-- DATA SHOWN follows --
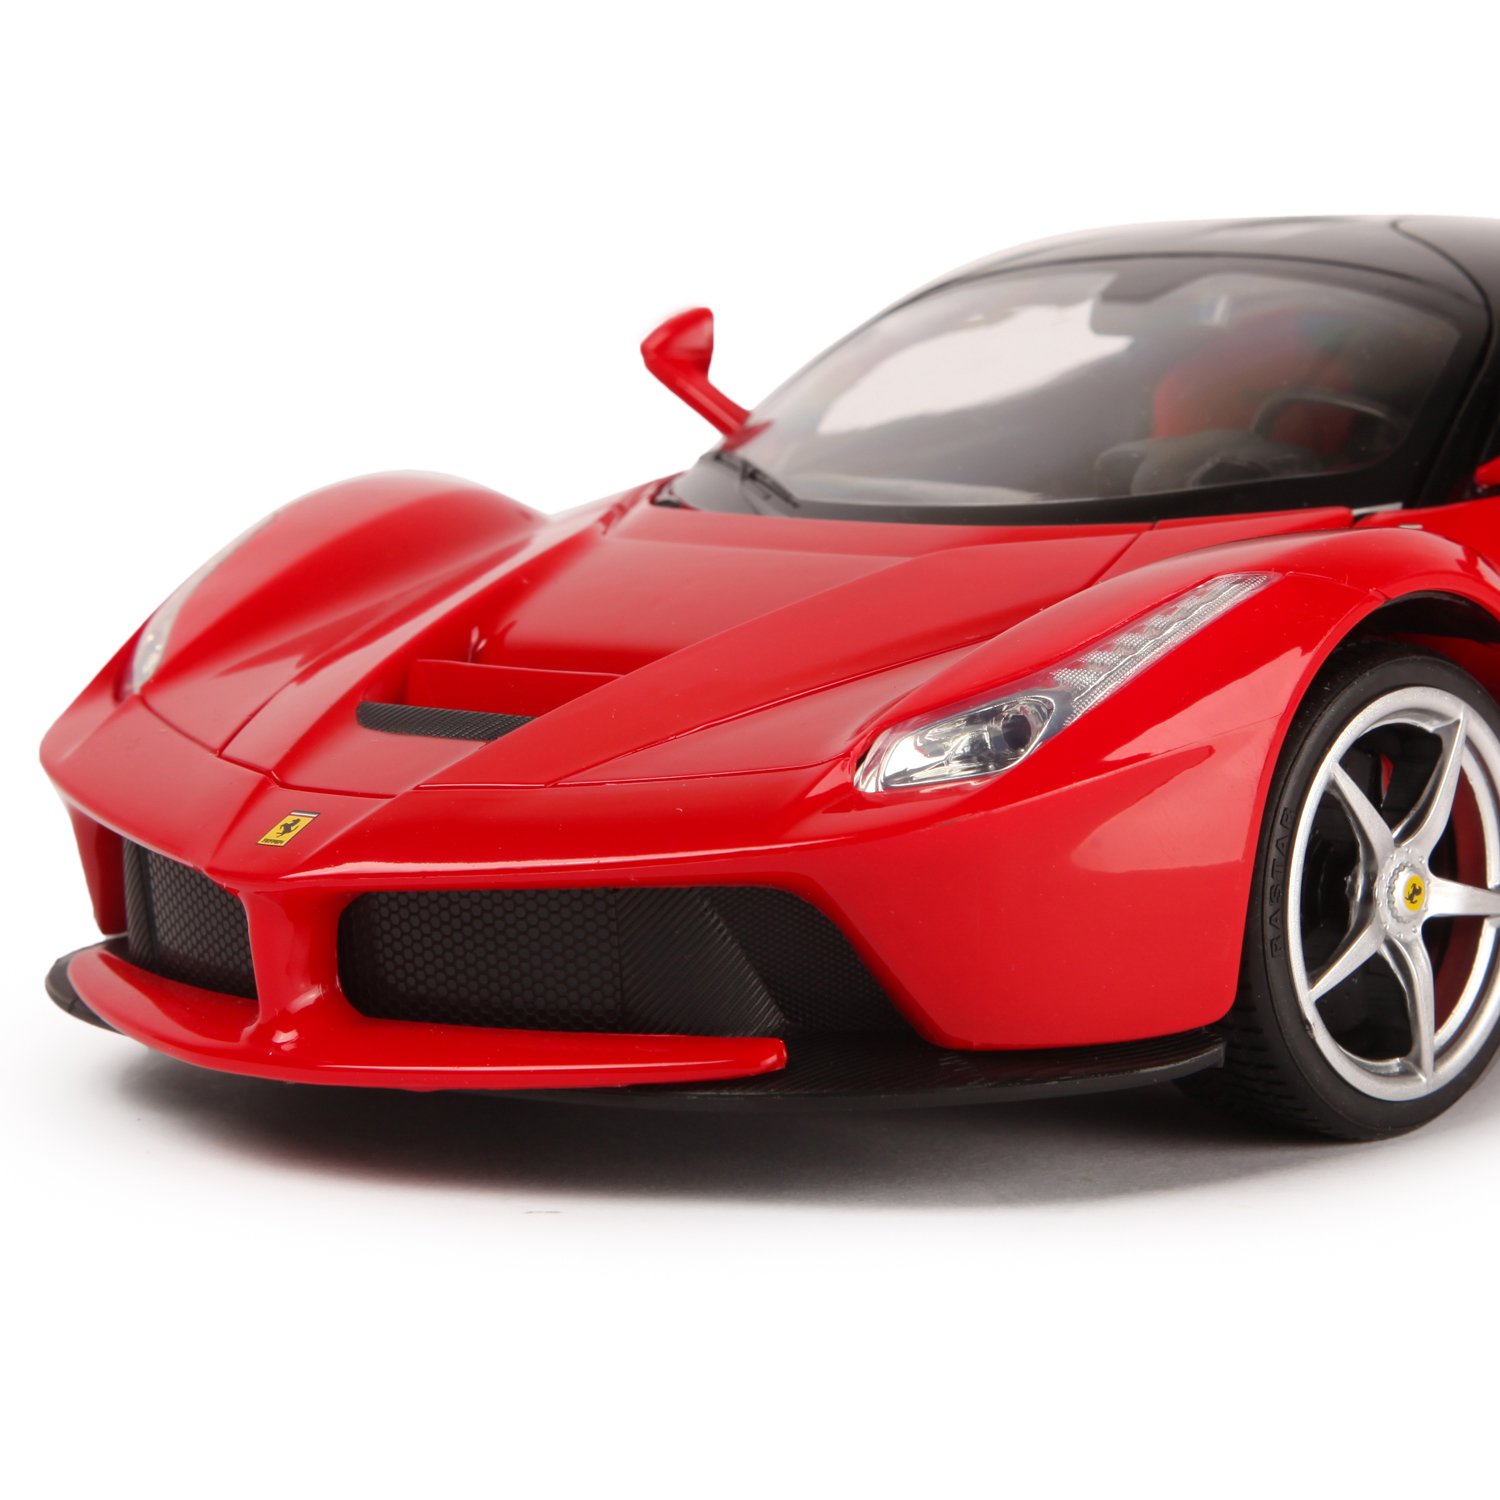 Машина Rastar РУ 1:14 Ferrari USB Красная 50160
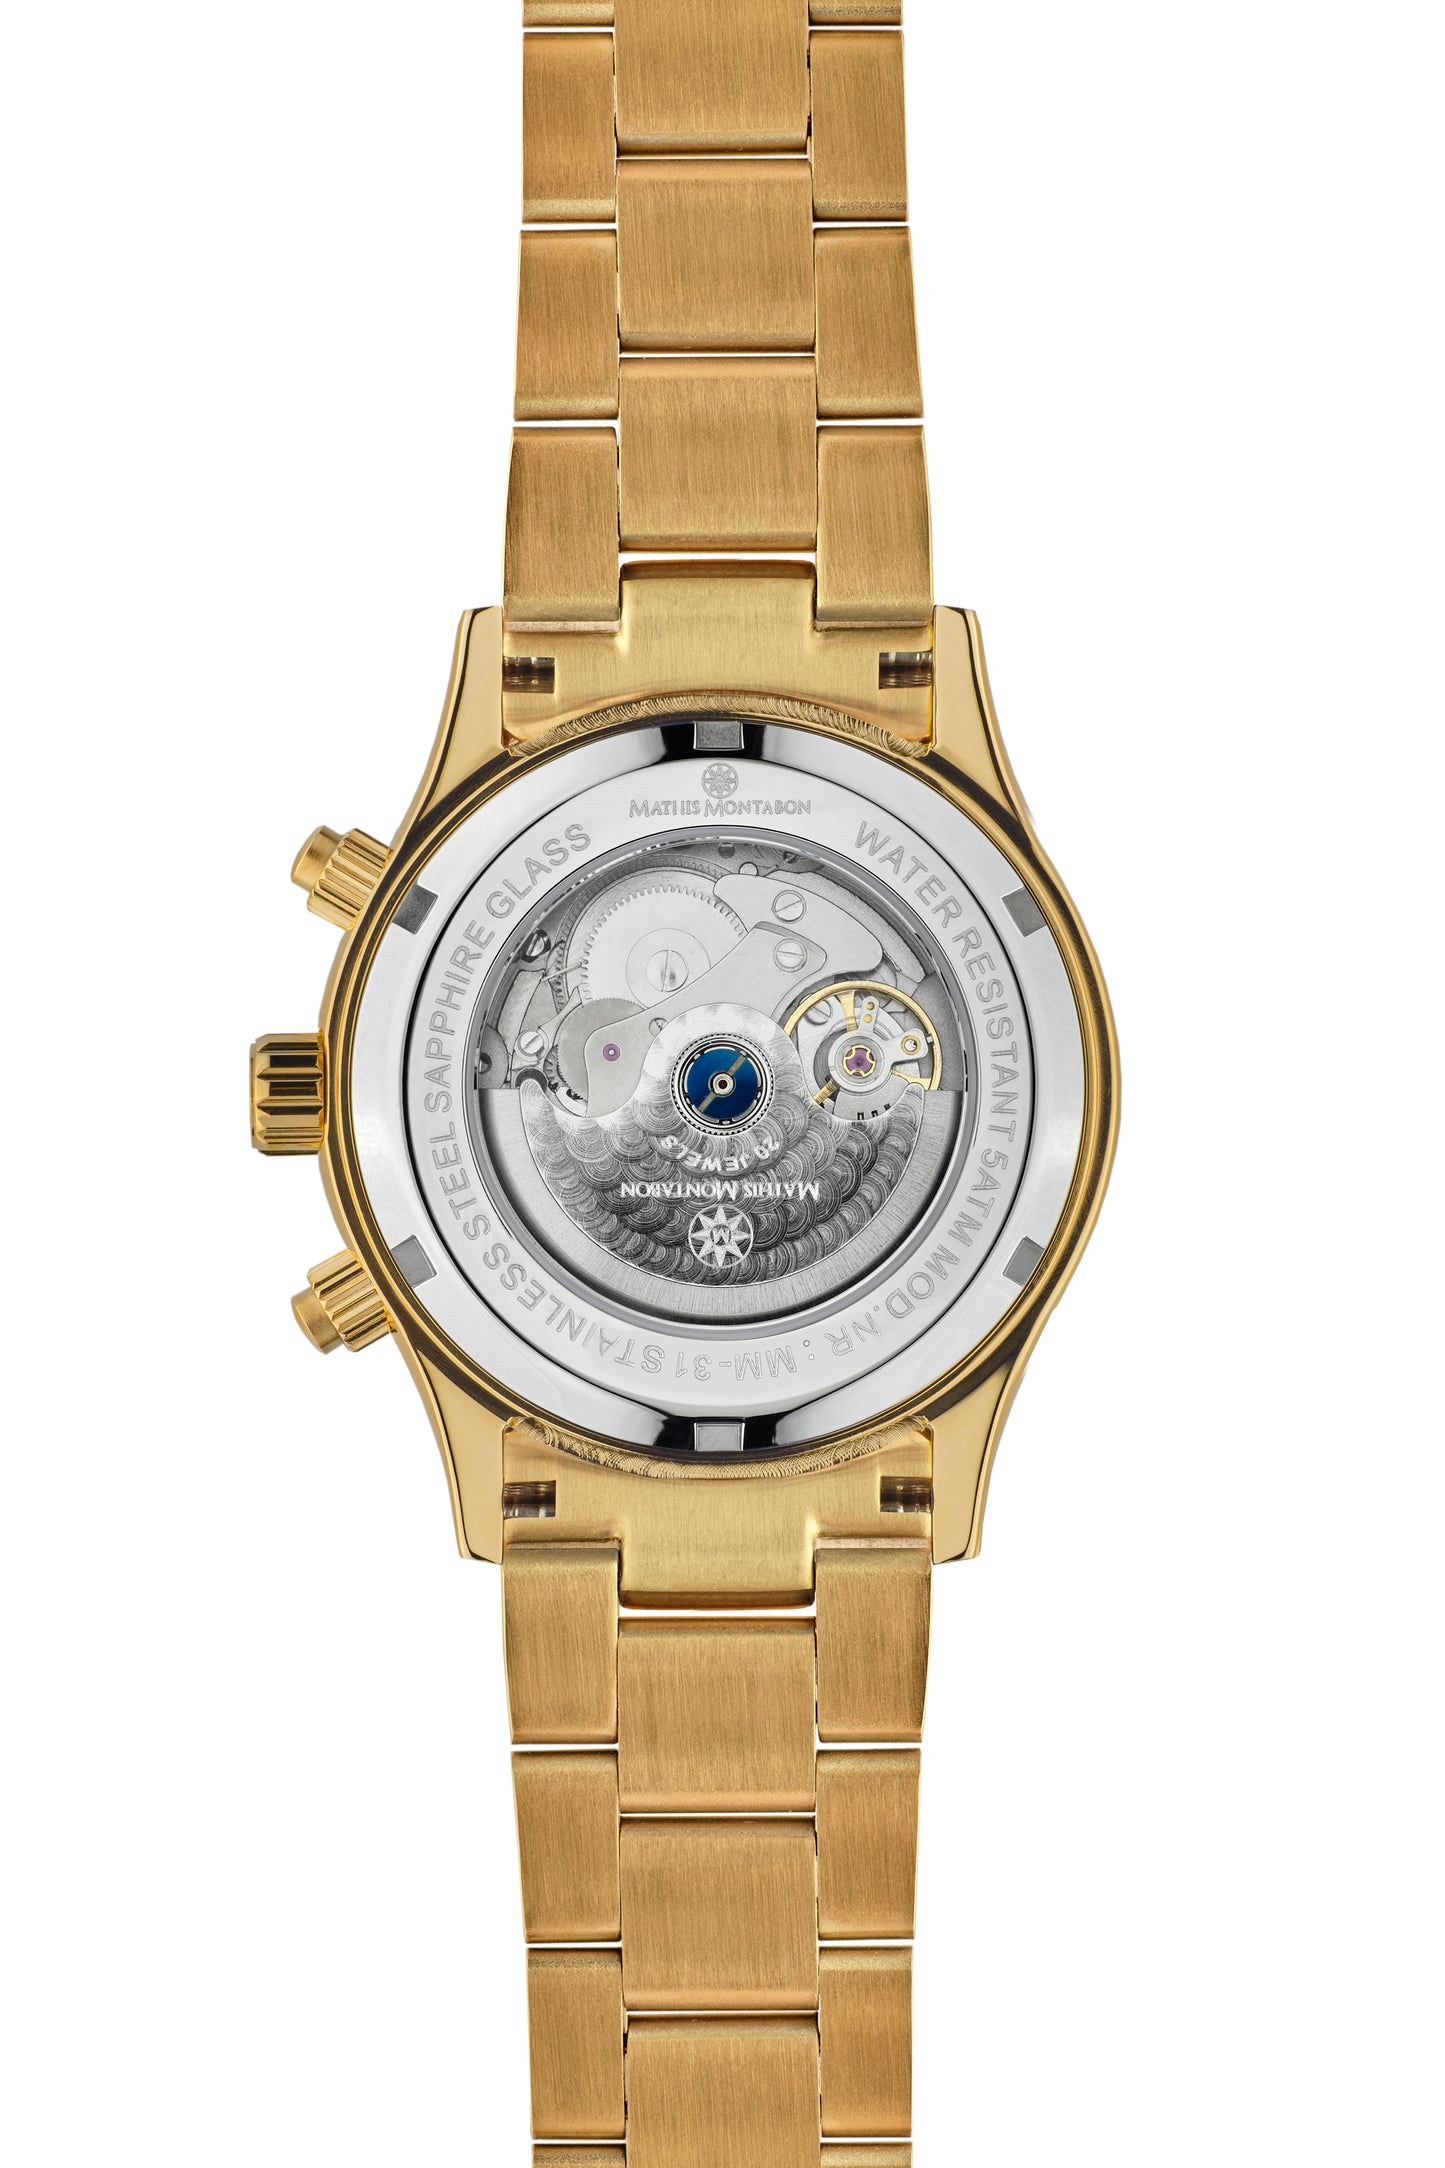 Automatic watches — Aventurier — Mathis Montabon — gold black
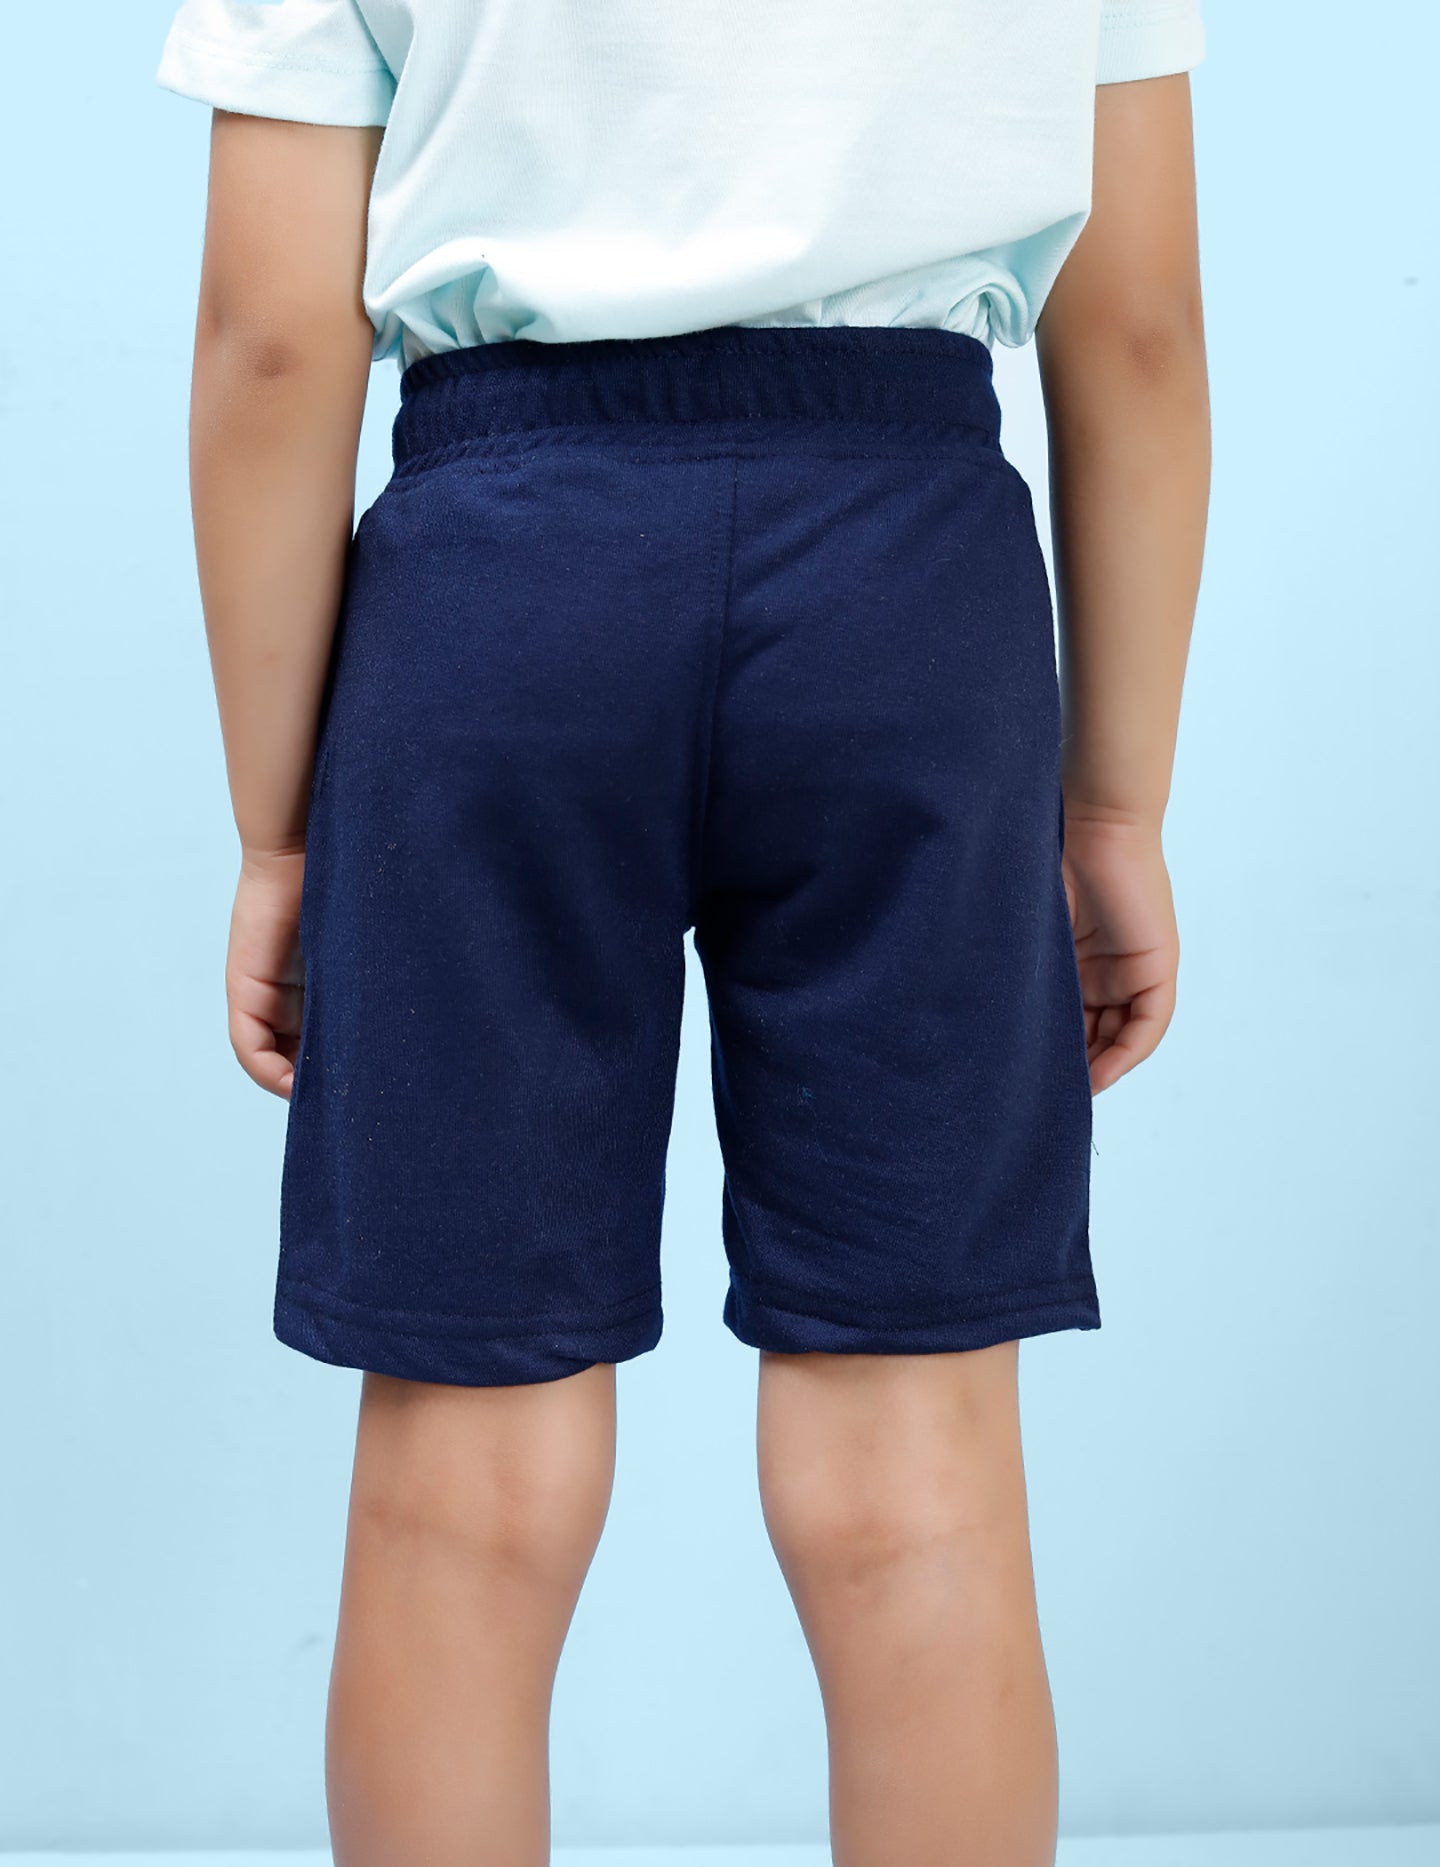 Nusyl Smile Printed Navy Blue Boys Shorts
-- DATA SHOWN concluded --
→ EXERCISE GOAL:
Could you print the listing above exactly, without the pictures?

→ TASK OUTPUT:
 Машина Rastar РУ 1:14 Ferrari USB Красная 50160
 Automatic watches — Aventurier — Mathis Montabon — gold black
 Nusyl Smile Printed Navy Blue Boys Shorts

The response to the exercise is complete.